The roughly 14,000 residents of Roosevelt Island, an improbably peaceful sliver of pseudo-suburbia between Queens and Manhattan, are getting a brief taste of what is to come next year: life without their beloved tram. From Monday this week through Wednesday next week, the service is shut down to permit inspection of the cables.
Next spring, the gliding red cars, a part of life on the island since 1976, will be taken out of service for at least six months as the system undergoes a $25 million overhaul.
The sky trolley has become the island’s emblem, and to some, it’s a monument on par with one of the city’s storied bridges. The prospect of months without it has unsettled many residents who worry that its temporary disappearance will overflow the subway station and leave many of the island’s elderly and disabled residents without an easy way to get to Manhattan — much as it did in 2006, when the tram was out of service for more than four months.
In a place where swing sets dot the shore and the buzz of raucous neighborhoods is a safe distance across the river, the underground bustle of subway transportation seemed almost foreign this week.
Janet Shea, a 26-year resident of the island, waited impatiently Wednesday morning for the F train. Like many other passengers, she said, she had budgeted the delays into her commuting schedule.
“I don’t see how the island is going to function next year,” said Ms. Shea, who works in finance. “It’s already a nightmare.”

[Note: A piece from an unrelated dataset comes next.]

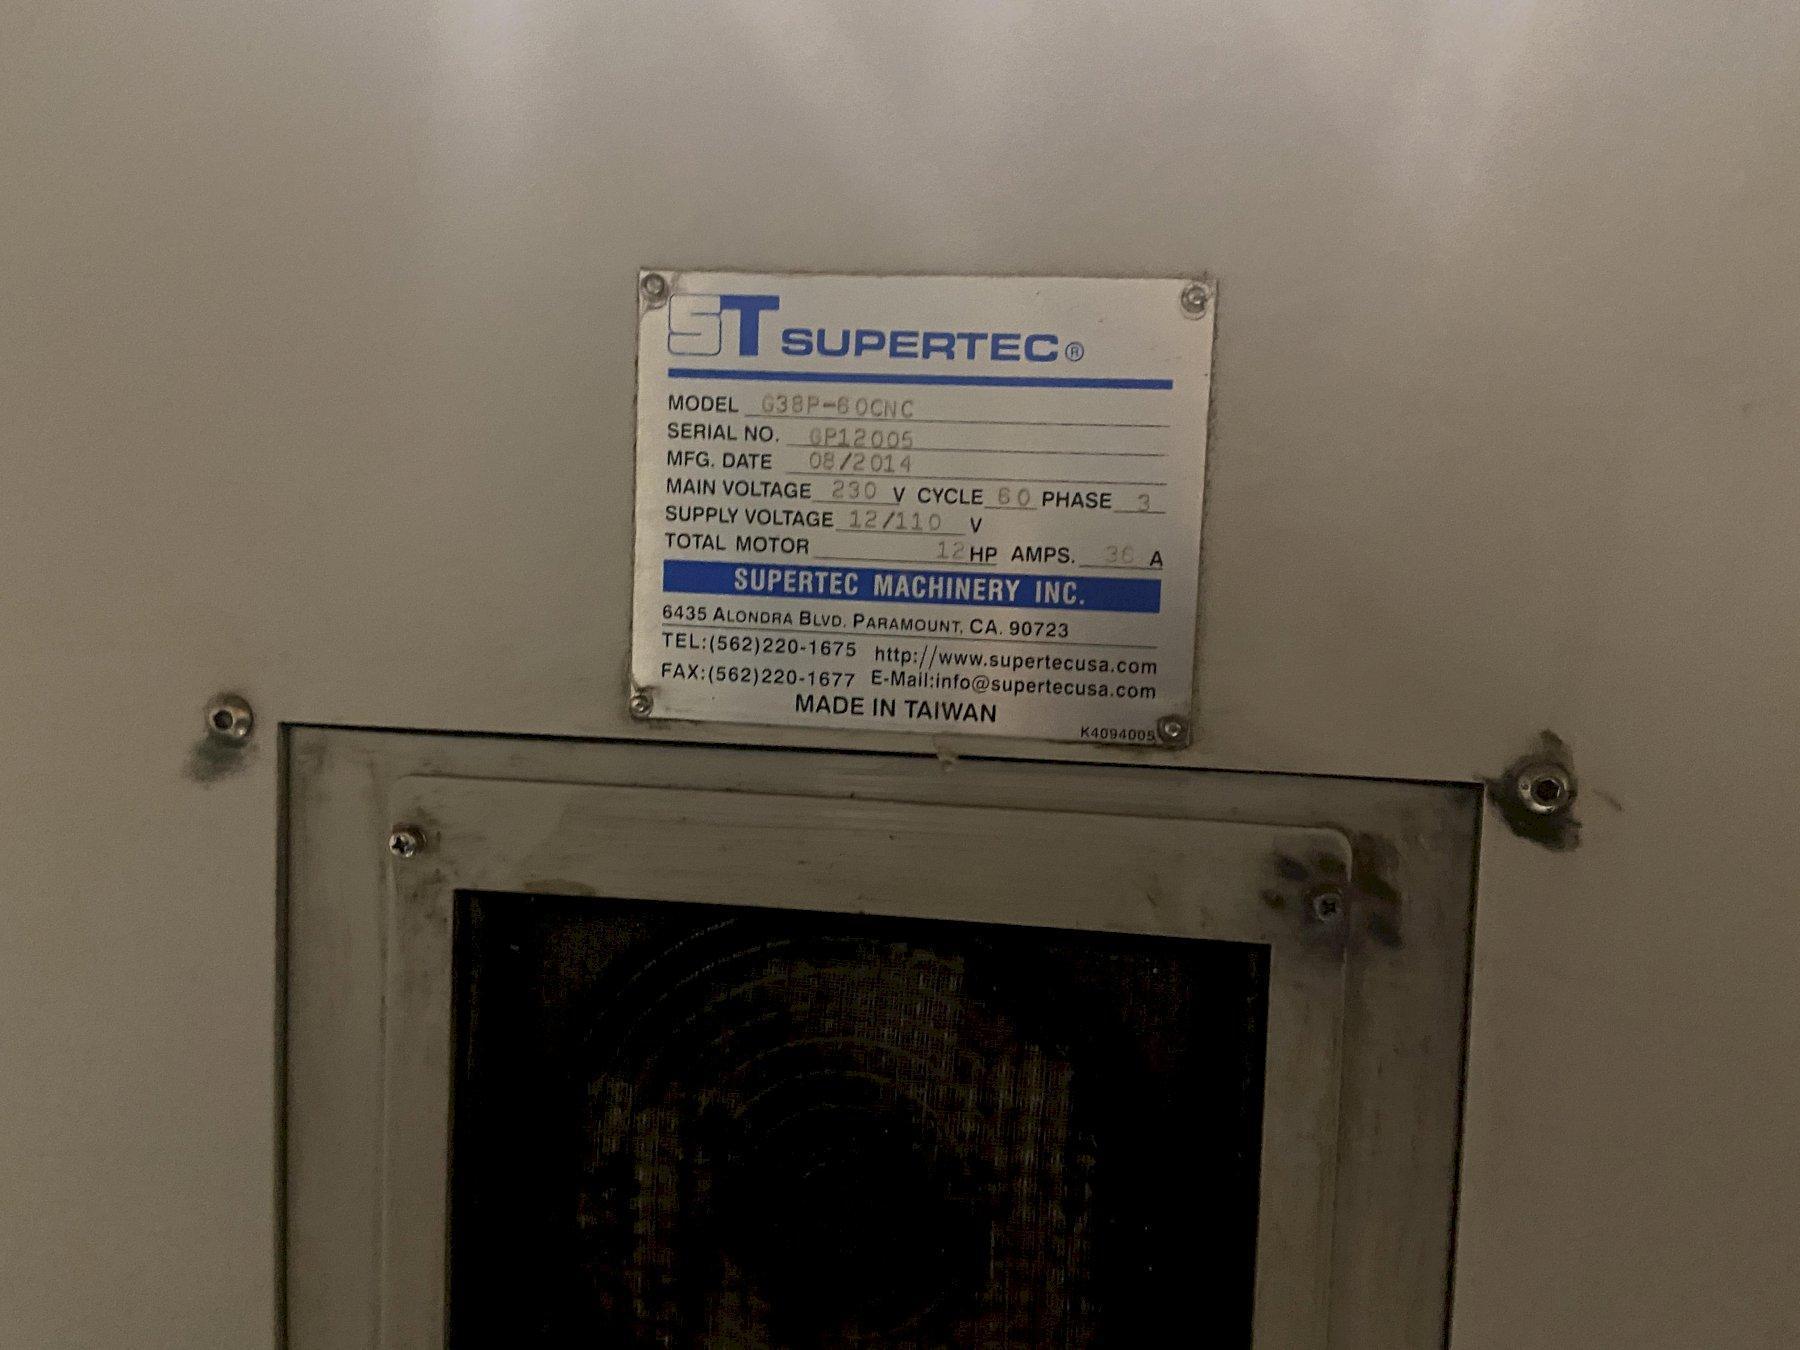 "Supertec G38P-60CNC Cylindrical Grinder, Fanuc 0iMC, 15"" Swing, 24"" Centers, 18"" Wheel Dia., Chi"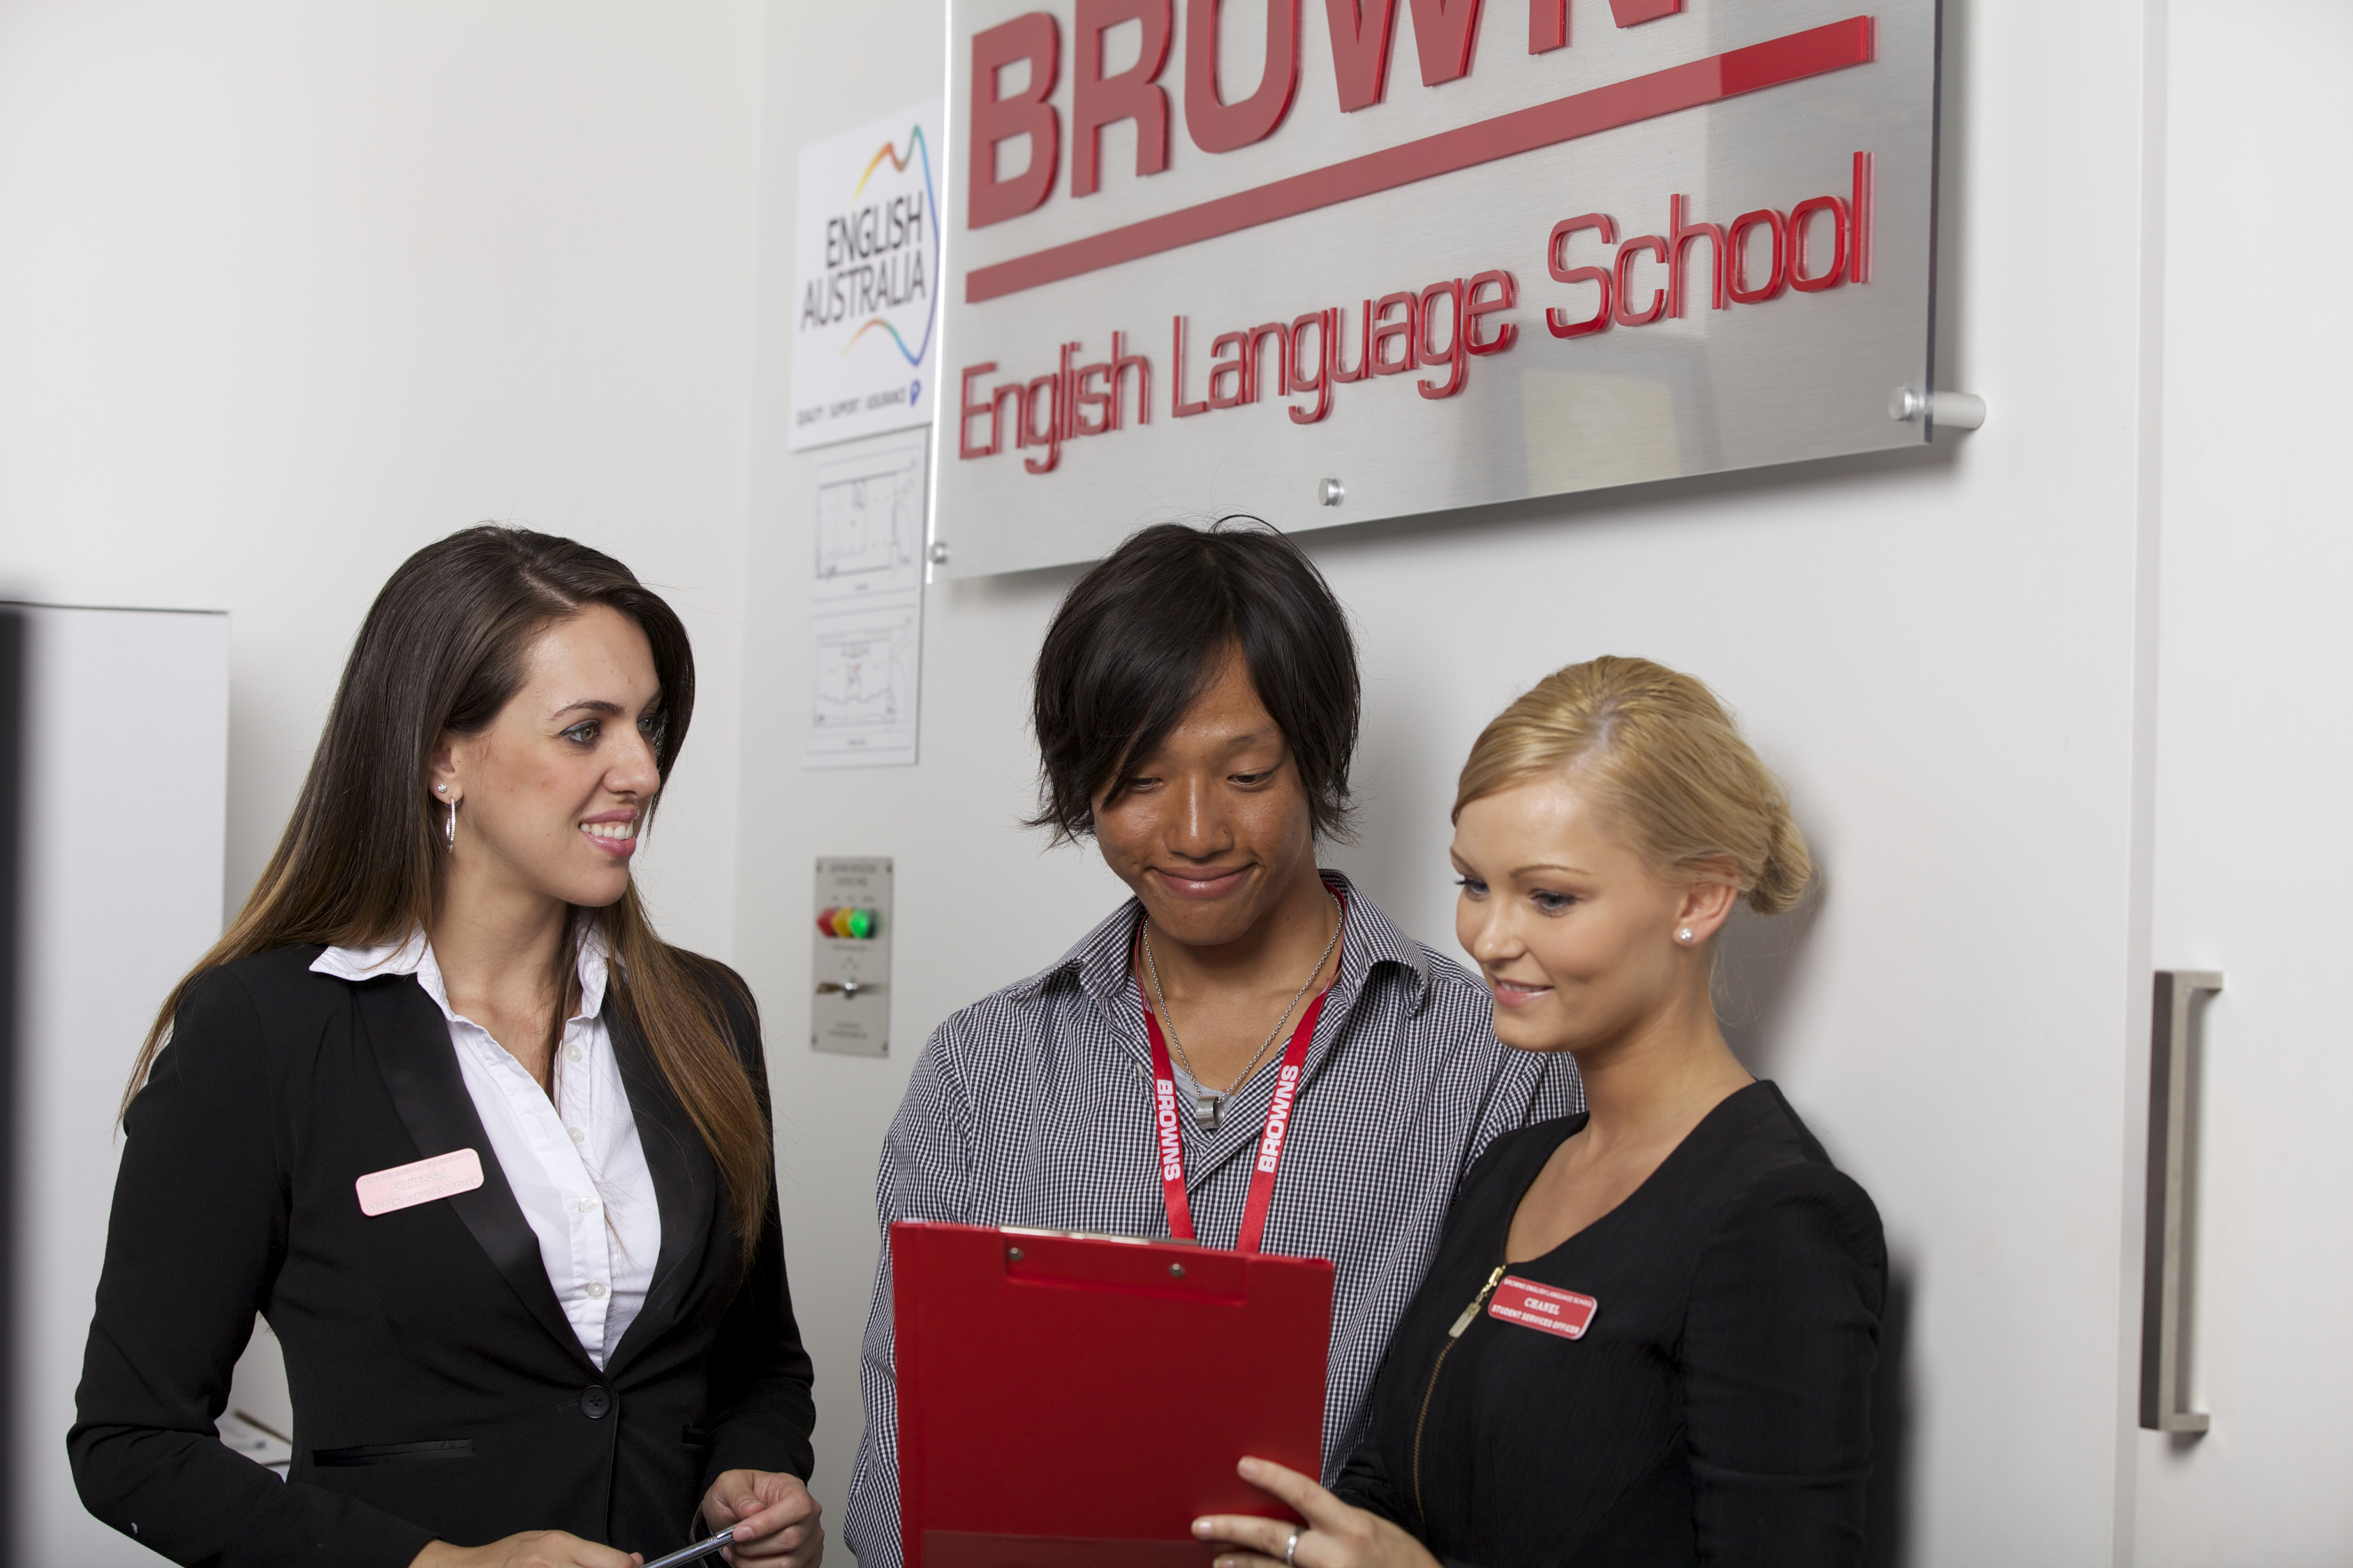 BROWNS English Language School Gold Coast Campus

That is a common complaint heard by Stephen H. Shane, president and chief executive of the Roosevelt Island Operating Corporation, the state agency that manages the island and the tram. But the overhaul is crucial to keeping the tram running for the next 30 years, Mr. Shane said, and residents will just have to live with the hassle.
“We know how significant an inconvenience it’s going to be,” he said. “But you have to understand that the prospect of a major complicated system having breakdowns and really putting people in a complete discombobulation is imminent.”
The 2006 service disruption came after an equipment malfunction stranded tram passengers in midair, some for as long as 11 hours. Yet residents still adore the four-minute journey, which carries them as much as 250 feet above the East River.
Transportation officials estimate that about 3,000 people ride it each day, compared with the roughly 5,900 who take the subway from the island on an average weekday. Even for those who prefer the subway, the tram is considered an essential part of the island’s transportation system.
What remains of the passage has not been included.